Страница 37 из 52
Крамской горячо, страстно говорит о значении передвижничества в развитии русской национальной школы, о связи художника с жизнью… Толстой слушает с большим интересом. Да, да, для него этот вопрос весьма важен: он, по секрету сказать, работает сейчас над романом о глубокой драме современной женщины, и суть характера Анны Карениной, главной героини, должна быть заключена не в рамки семейных отношений, а исходить из целой системы взглядов на жизнь… Система взглядов. О, тут было им о чем поговорить!.. Крамской весь так и сиял, светился, найдя понимание в лице этого великого, мудрого человека… Но как только он касался портрета, Толстого будто подменяли — он становился холоден, упрям и несговорчив.
— Нет, нет, освободите меня от этого, — хмуро качал он головой. — Не смогу я позировать. Любая поза претит мне… Нет, не смогу.

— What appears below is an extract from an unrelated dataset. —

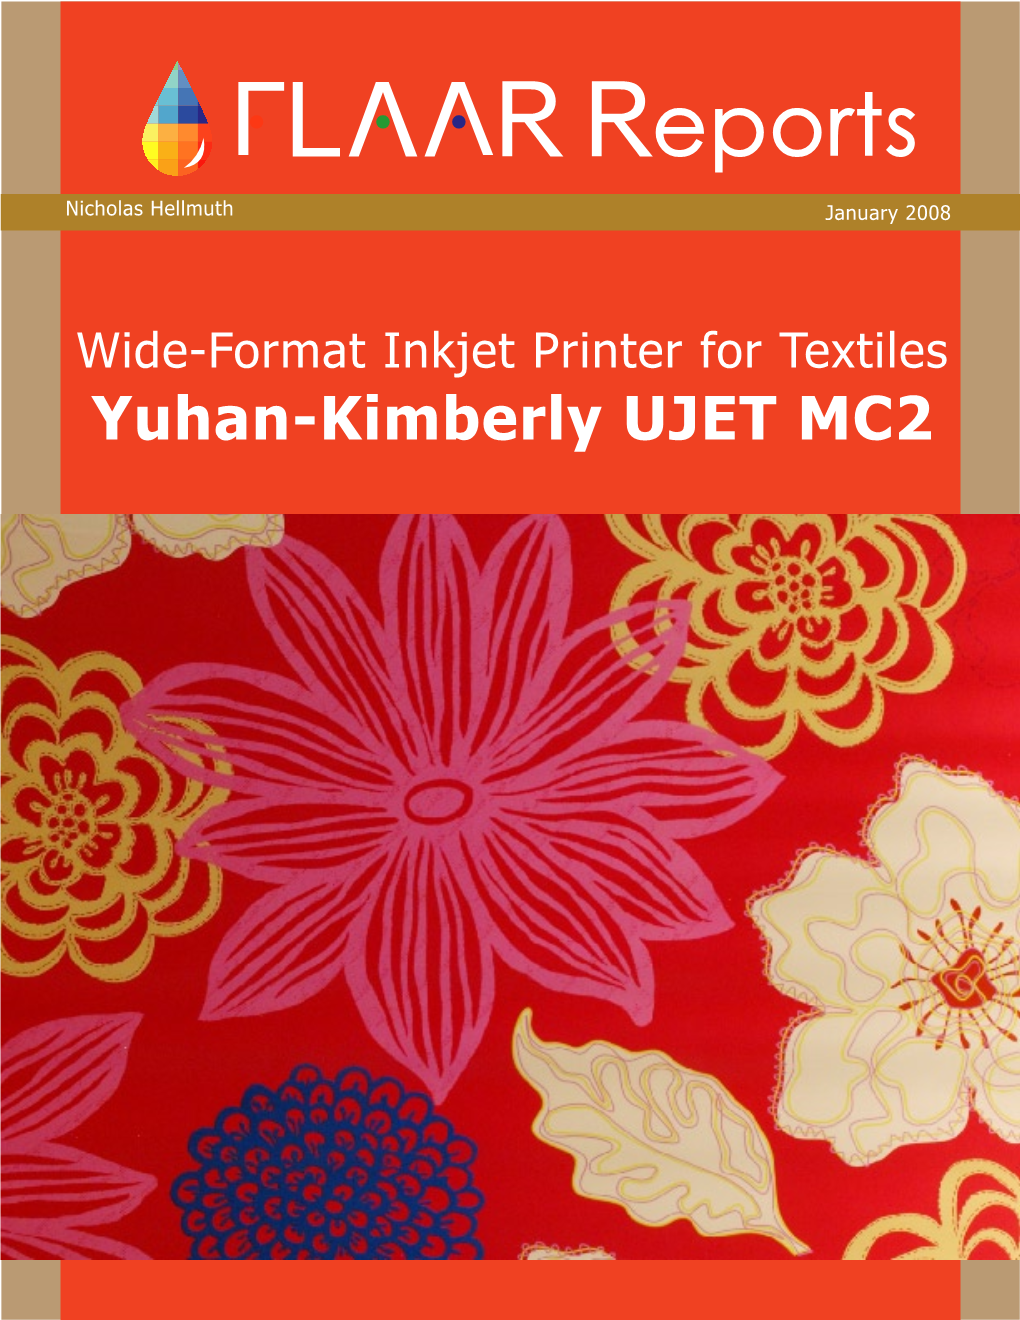 Wide-Format Inkjet Printer for Textiles Yuhan-Kimberly UJET MC2 Contents Introduction 1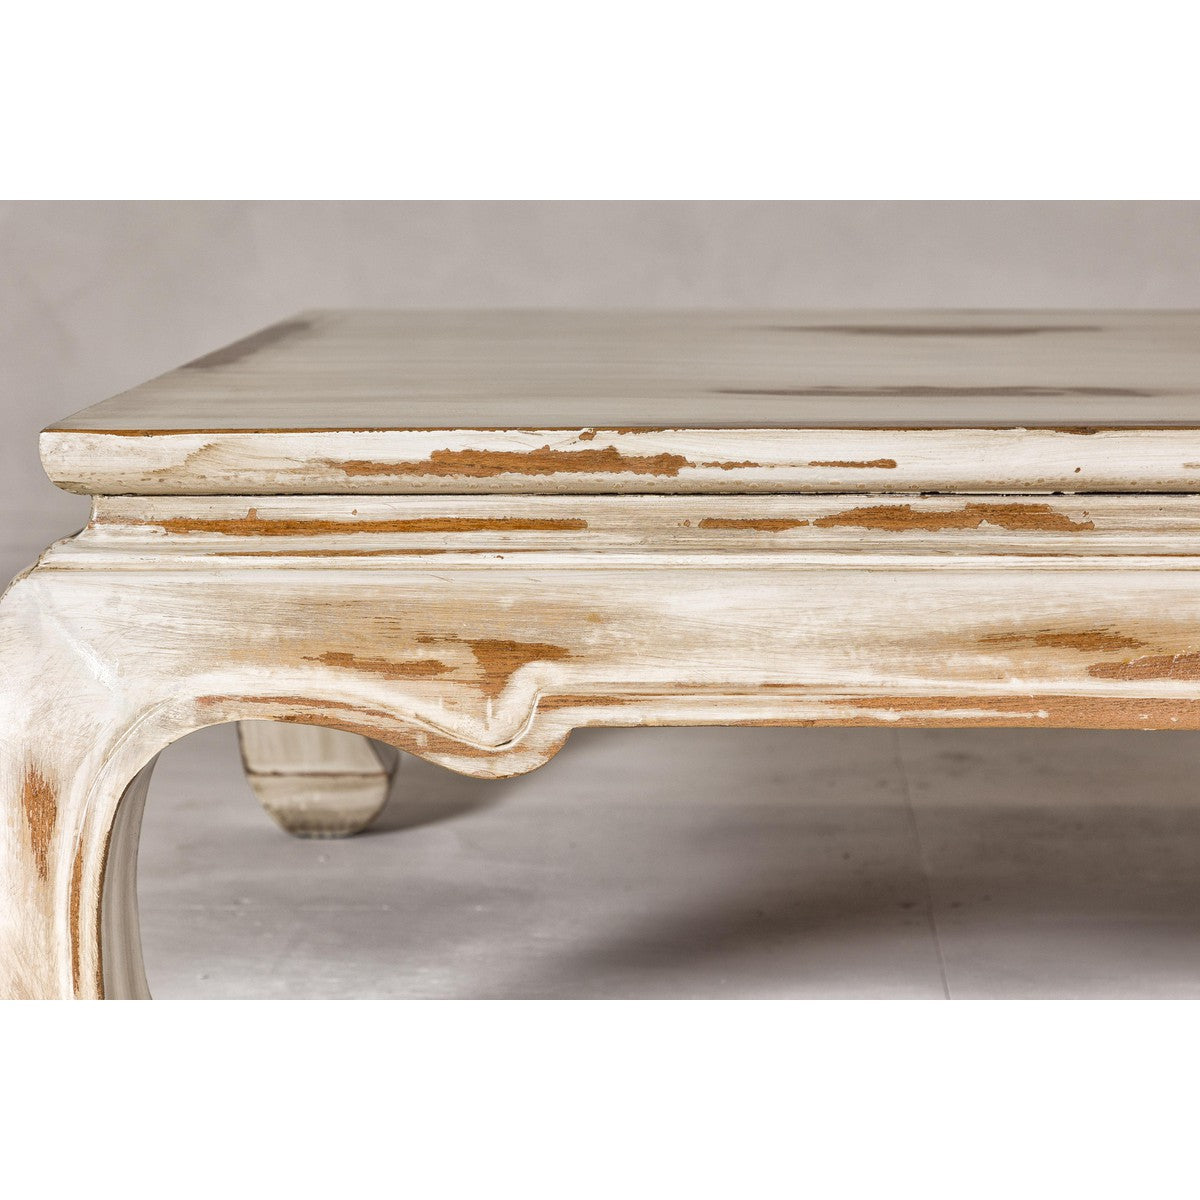 Distressed White Coffee Table with Chow Legs and Square Top, Vintage-YN7957-6. Asian & Chinese Furniture, Art, Antiques, Vintage Home Décor for sale at FEA Home

Однако ж и Крамскому дальше отступать некуда: либо сейчас, либо — никогда. И он, делая вид, что уже смирился со своей неудачей, со вздохом говорит:
— Ну что ж, очень жаль, очень жаль. Я понимаю и уважаю причины отказа вашего сиятельства, не имею права настаивать, но, поверьте моему слову, рано или поздно ваш портрет будет в галерее.
— Как так? — удивился Толстой, не совсем понимая.
— Очень просто, — ответил расстроенный, но все еще не теряющий надежды Крамской. — Не напишу я вашего портрета, не напишет никто из моих современников, но лет этак через сорок или пятьдесят он будет написан… И тогда останется только пожалеть о том, что портрет не был написан своевременно.
Толстой задумался. А Крамской вдруг встал, готовый откланяться:
— Простите бога ради, столько драгоценного времени у вас отнял…
— Погодите. Что же мне с вами делать, ума не приложу? Нет, нет, не в моем это духе… — заколебался Толстой. И Крамской не преминул этим воспользоваться.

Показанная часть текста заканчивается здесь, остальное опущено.